Je suis née en 1959. J'ai connu le discours de St Louis et de son chêne (CE2) etc. les supports scolaires étaient vecteurs de ce style d'histoire, idem pour le collège et le lycée. C'était des cours magistraux, on grattait et puis c'est tout. Il n'y avait aucune réflexion car il eut fallu un échange entre le professeur et les élèves ce qui était inconcevable. Le prof savait, l'élève apprenait. Au collège j'étais dans le "privé", au lycée dans le "public" et dans un lycée "pilote" ; "pilote" certes pour le manque cruel de référents (les profs faisaient leurs cours point/barre) et l'encadrement. Je croyais l'enseignement différent, plus "top". Ouverture du bouquin, prise de notes, terminé. Si questions, se référer alentour (pions qui étaient des étudiants ou famille).

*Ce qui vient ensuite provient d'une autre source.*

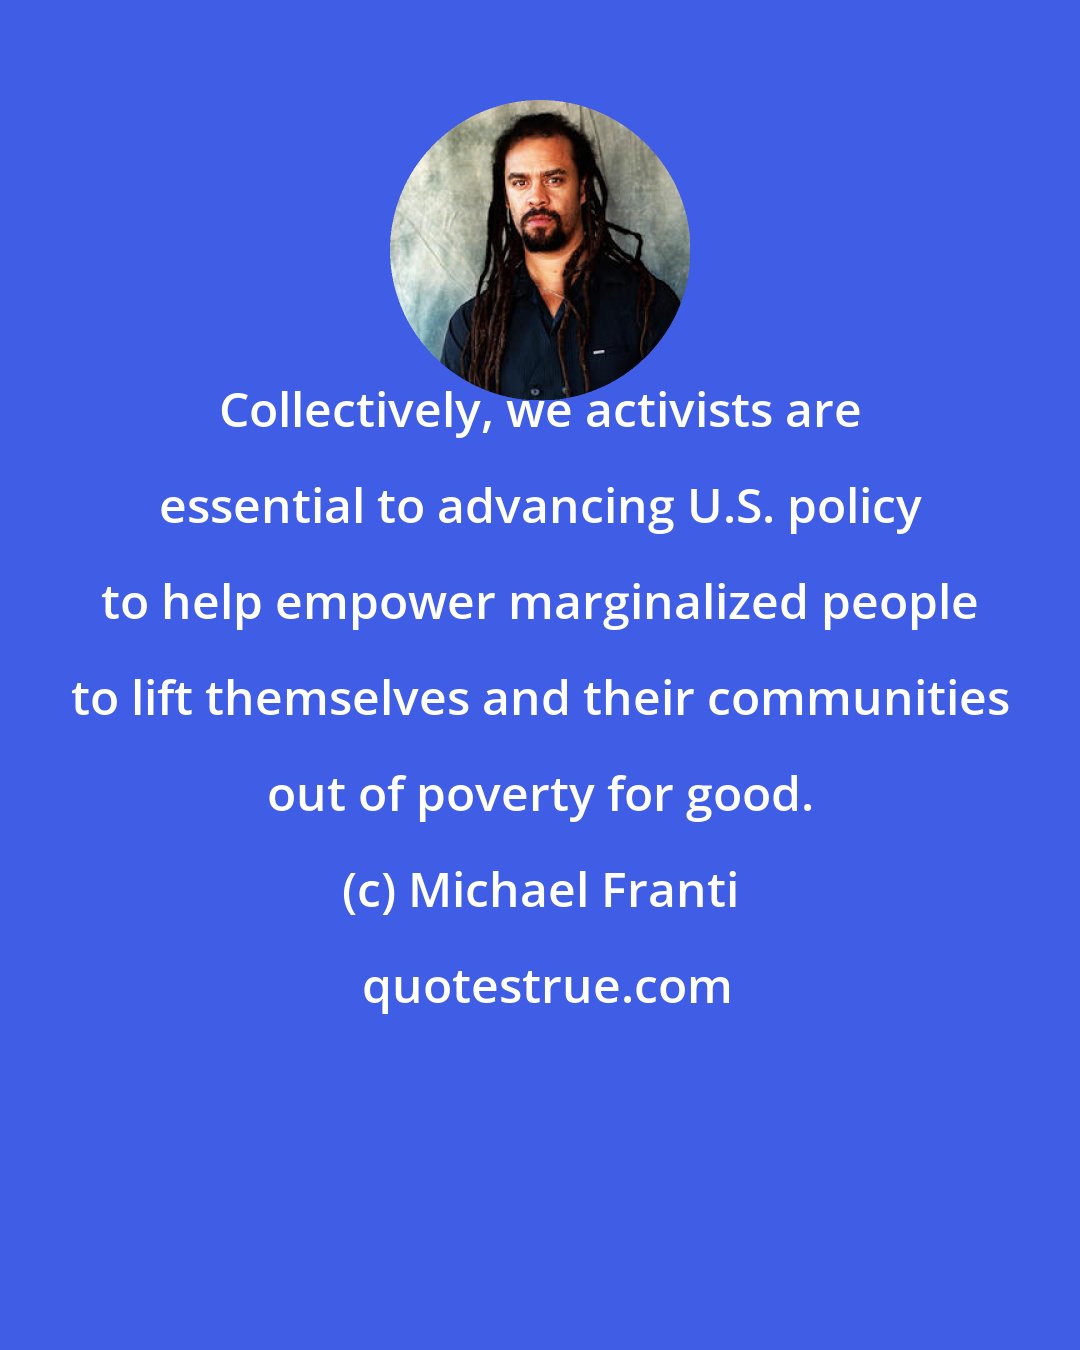 Michael Franti: Collectively, we activists are essential to advancing U.S. policy to help empower marginalized people to lift themselves and their communities out of poverty for good.

J'ai l'exemple de 6ème en 95. Louis IX avait perdu son auréole et Henri IV gardait son prestige via la poule, l'accumulation de maîtresses, "Margot", Ravaillac, les derniers Valois et leur mère, l'ambition écoeurante de Guise (le tout ingurgité avec une chronologie ahurissante). Louis XIV avait dégringolé dans les sondages ainsi que Napo. ; le soleil roi et celui d'Austerlitz sentaient trop le canon. Se battre pour récupérer l'Alsace-Lorraine était totalement incompris voire ridicule. Le "contexte" était shunté donc la notion de certaines valeurs diluée. On ne peut se battre contre le temps et certaines "évolutions" inhérentes. Ce qui est appelé "devoir de mémoire" est souvent rejeté en bloc et étonnement l'argumentation tient la route.
La phrase fameuse : "Celui qui oublie etc." ne fait plus recette. la vision des choses est différente. L'Histoire est perçue comme un vecteur d'idéologies donc il y a effet "rejet". Les élèves recoupent leurs sources, le professeur n'a plus une place prépondérante : il est un support, comme le bouquin ou le net. Le principe est que la mémoire doit servir pour optimiser des notions qui seront un plus dans le cursus, sachant qu'à la fin de celui-ci le but est de trouver un emploi. Un tri est donc fait.
La notion de "souvenirs" donc de mémoire est différente aussi. C'est une mémoire dans l'actuel, des flashes : sitôt vu, sitôt oublié. La répétition est difficilement supportée, est sentie comme une frustration ou une sanction, donc rejet. Il ne reste pas grand chose, la notion de "plaisir en tout" étant optimisée : la facilité a donc sa place.